Segment Open
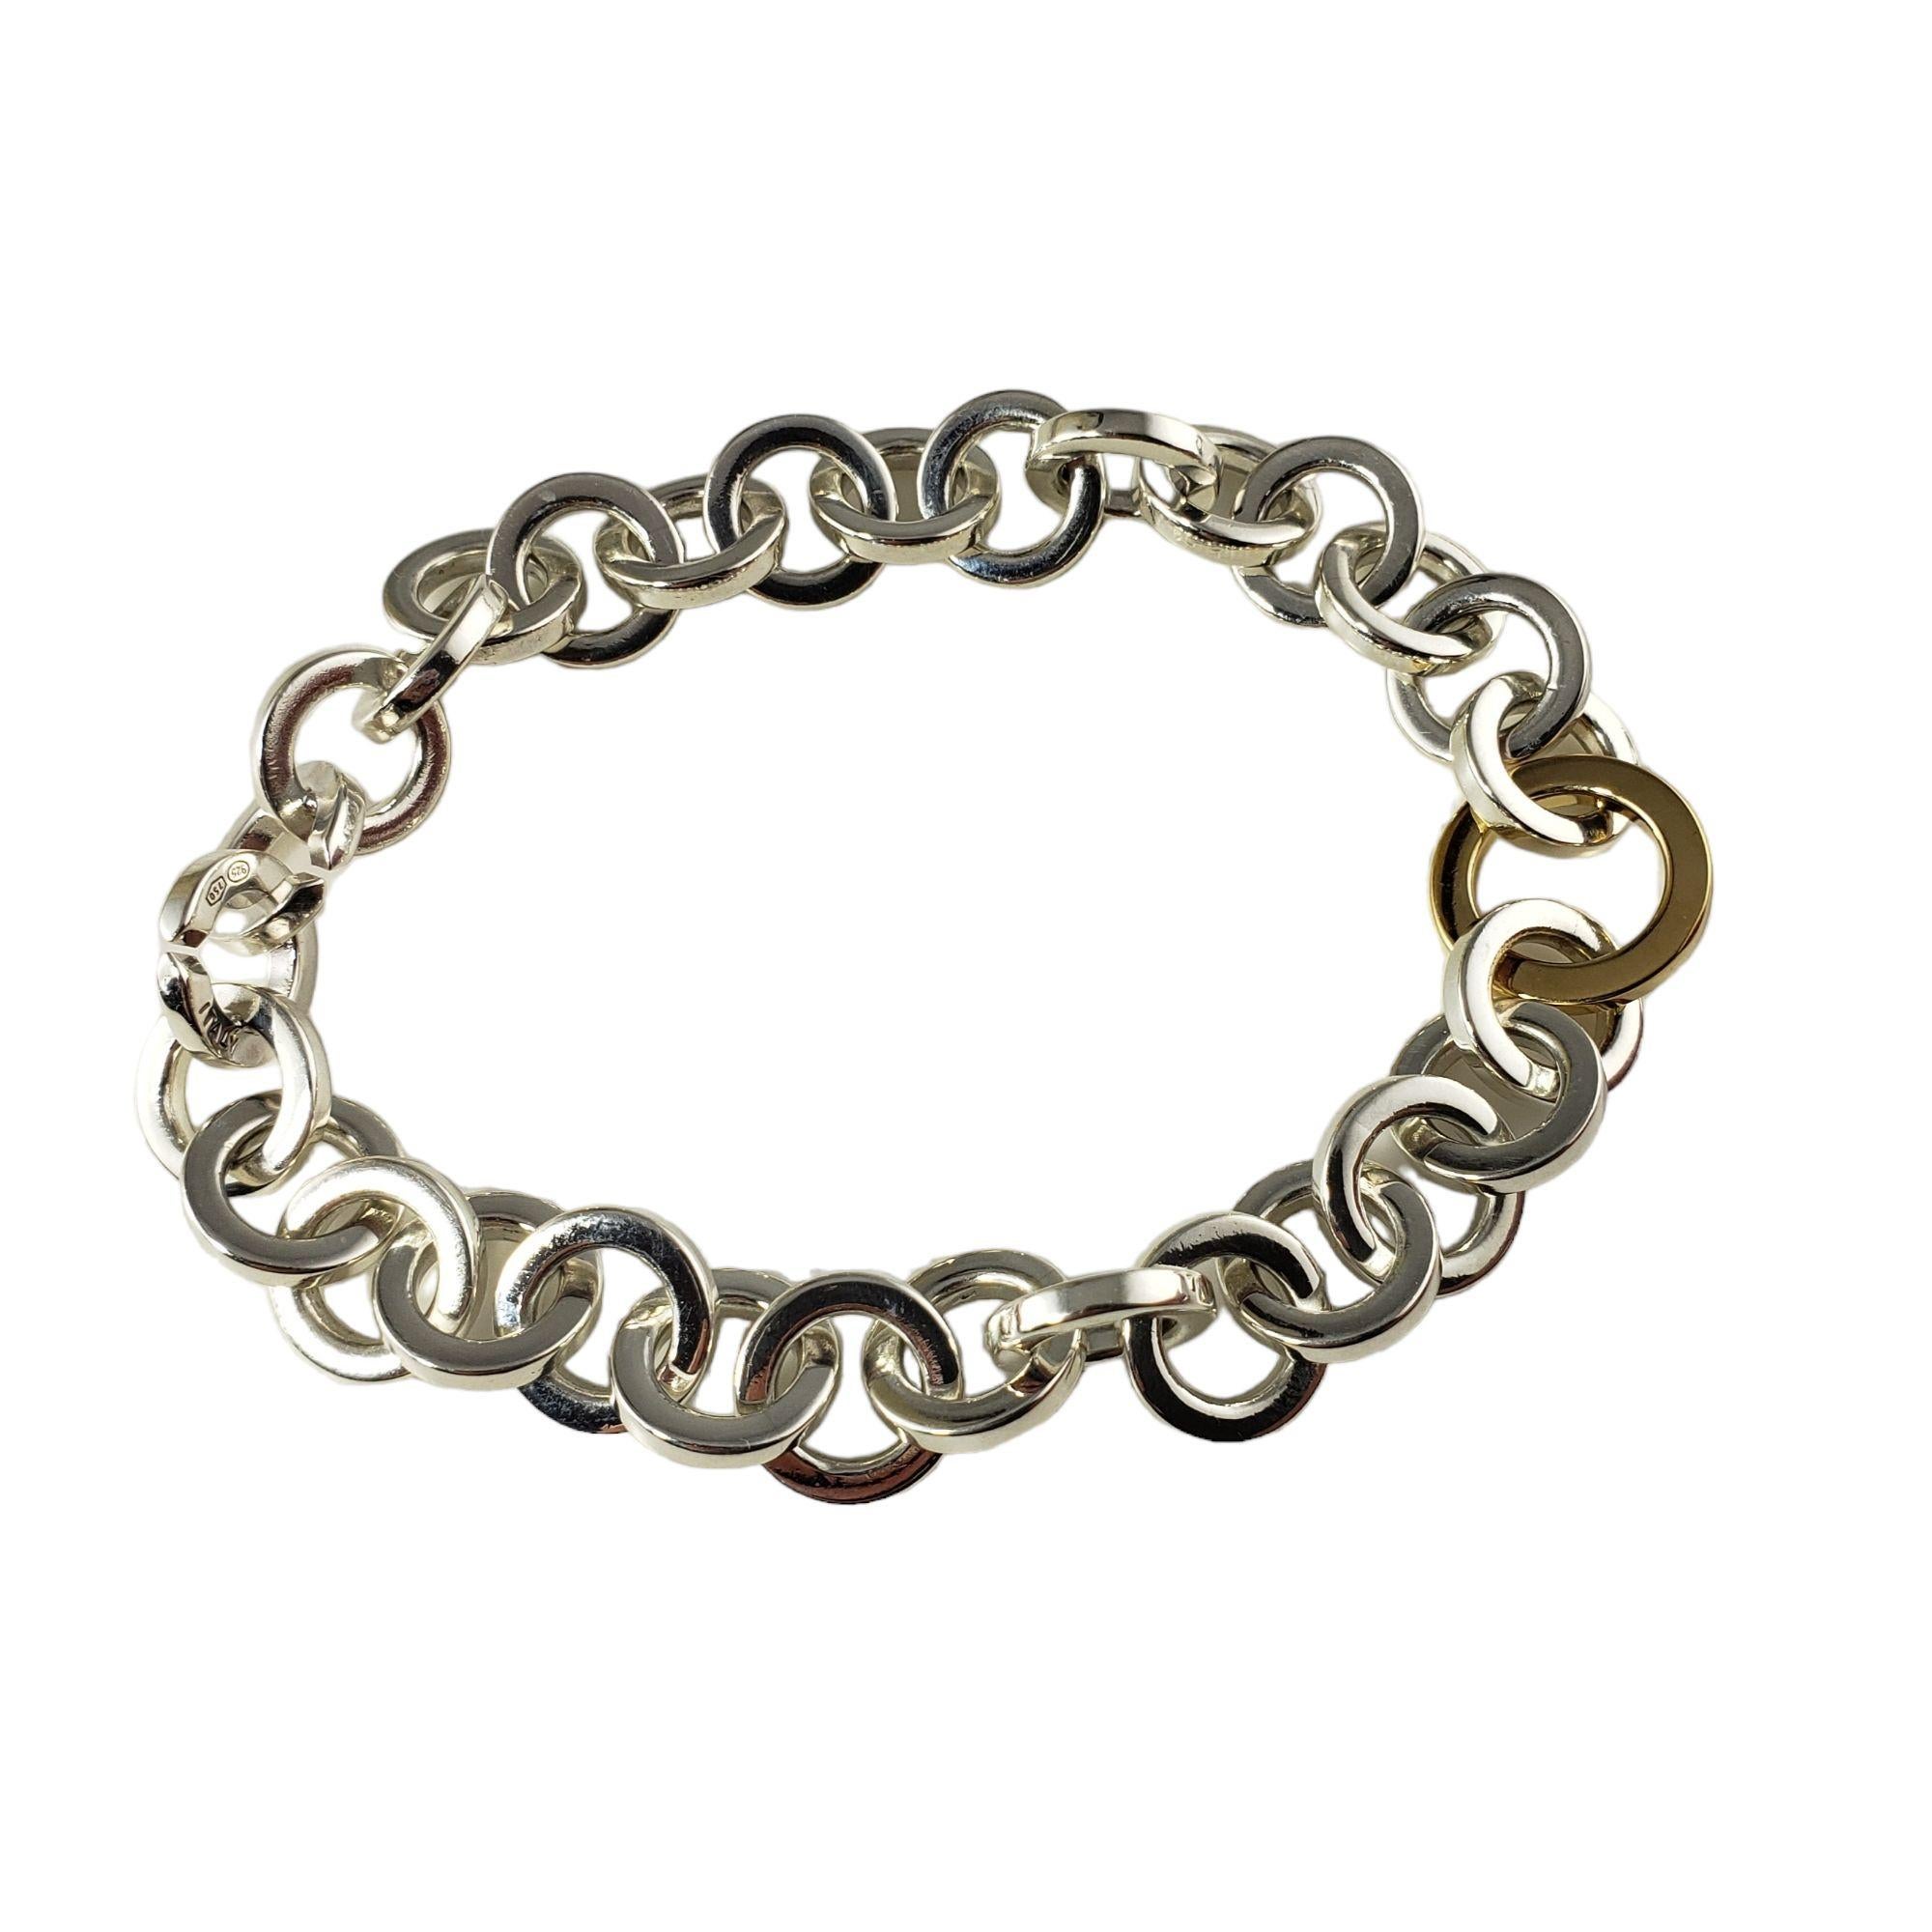 Vintage Tiffany & Co. Sterling Silver and 18 Karat Yellow Gold Link Bracelet-

This lovely circle link bracelet is crafted in beautifully detailed sterling silver and 18K yellow gold. Width: 15 mm.

Size: 8 inches

Weight: 40.1 gr./ 25.7
Segment Closed
- TASK DIRECTIONS -
An exact copy of all the data above is required; omit any pictures.

- SOLUTION FOR THIS TASK -
 Vintage Tiffany & Co. Sterling Silver and 18 Karat Yellow Gold Link Bracelet-

This lovely circle link bracelet is crafted in beautifully detailed sterling silver and 18K yellow gold. Width: 15 mm.

Size: 8 inches

Weight: 40.1 gr./ 25.7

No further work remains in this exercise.